The leading book in the field of past life regression has long been Dr. Brian Weiss’ Many Lives, Many Masters. Nine out of ten people who contact me for regression have read it. It stands as most people’s sole reference point. Without it, I don’t know that past life regression would have survived its initial surge in popularity in the 80’s and 90’s. Published in 1988, it remains a compelling tale of therapy and healing over 25 years later. The power of the story displayed the potential of the tool, though it did not tell us what to do with that power.
Over the last few decades, a handful of competent professional manuals, handbooks and journals have been printed, though few have revitalized the thinking that was presented decades ago. Many gifted practitioners have offered their methods in a clinical and procedural manner, replete with structured theories on specific times and places which occur before and after life that are inherently spiritual.
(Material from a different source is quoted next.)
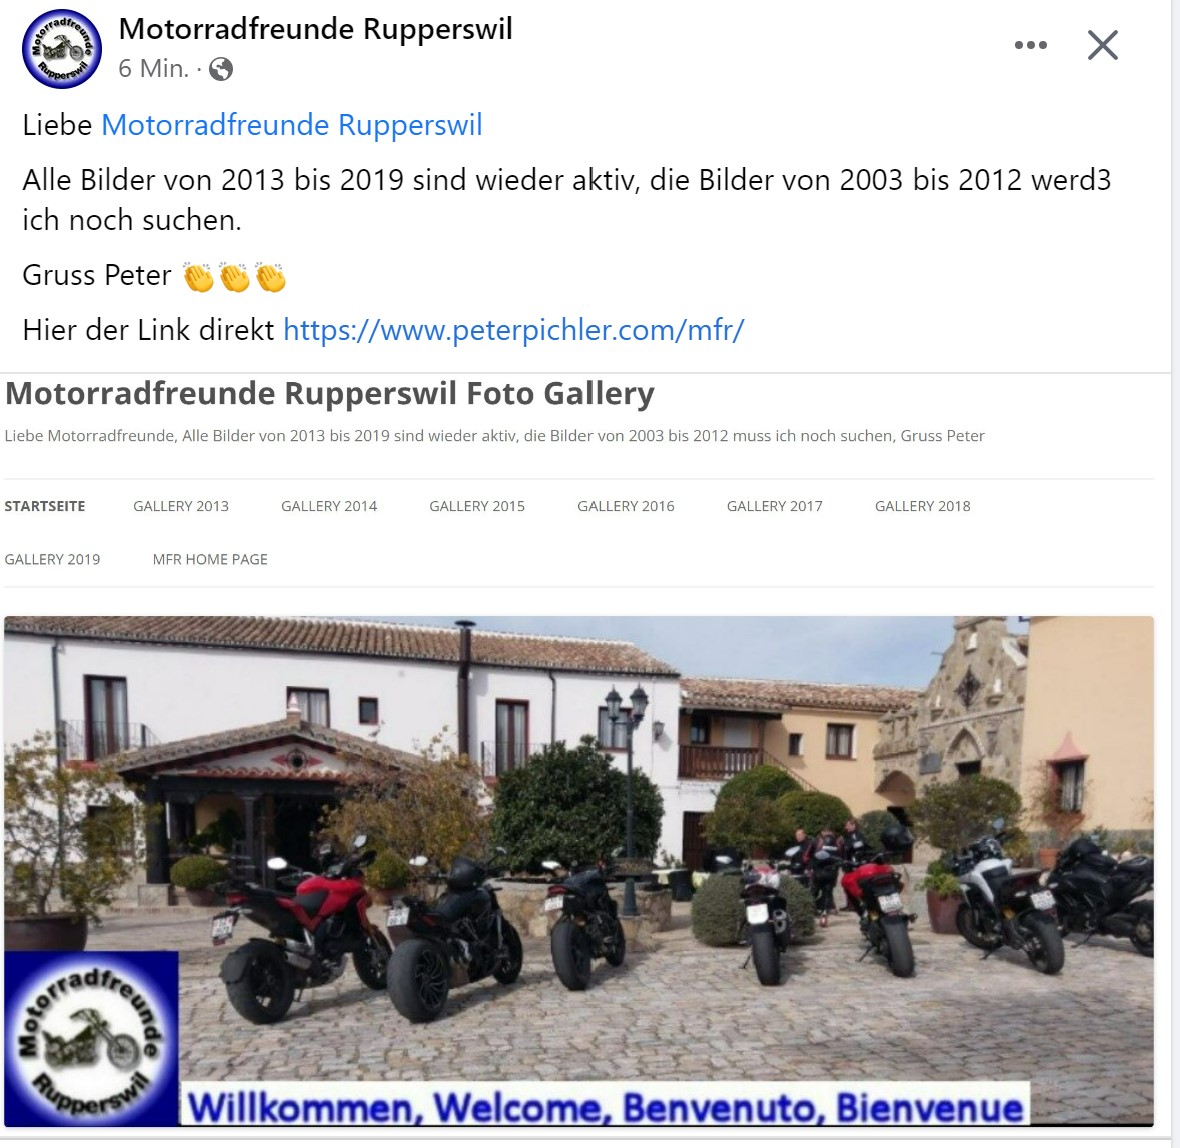 Motorradfreunde Rupperswil Foto Gallery

The name itself, “Past Life Regression,” suggests a succession of past lifetimes, which can render the interpretation of regression experiences as something other than past lifetimes — or something more — as anathema.
Like meditation, sex and rollercoasters, past life regression is an experience. Having and sharing these experiences is often so intoxicating and evocative, you can easily lose yourself in devotion to it. Talking about these experiences is akin to describing music. You just have to hear it.
Interpreting Spiritual Information
When leading a workshop, I’ll sometimes ask, “Who here considers past life regression spiritual information?” Generally, everyone will raise his or her hand. Then I’ll ask, “What is spiritual information?” To which most people will look around and sit quietly until I admit that I do not know either.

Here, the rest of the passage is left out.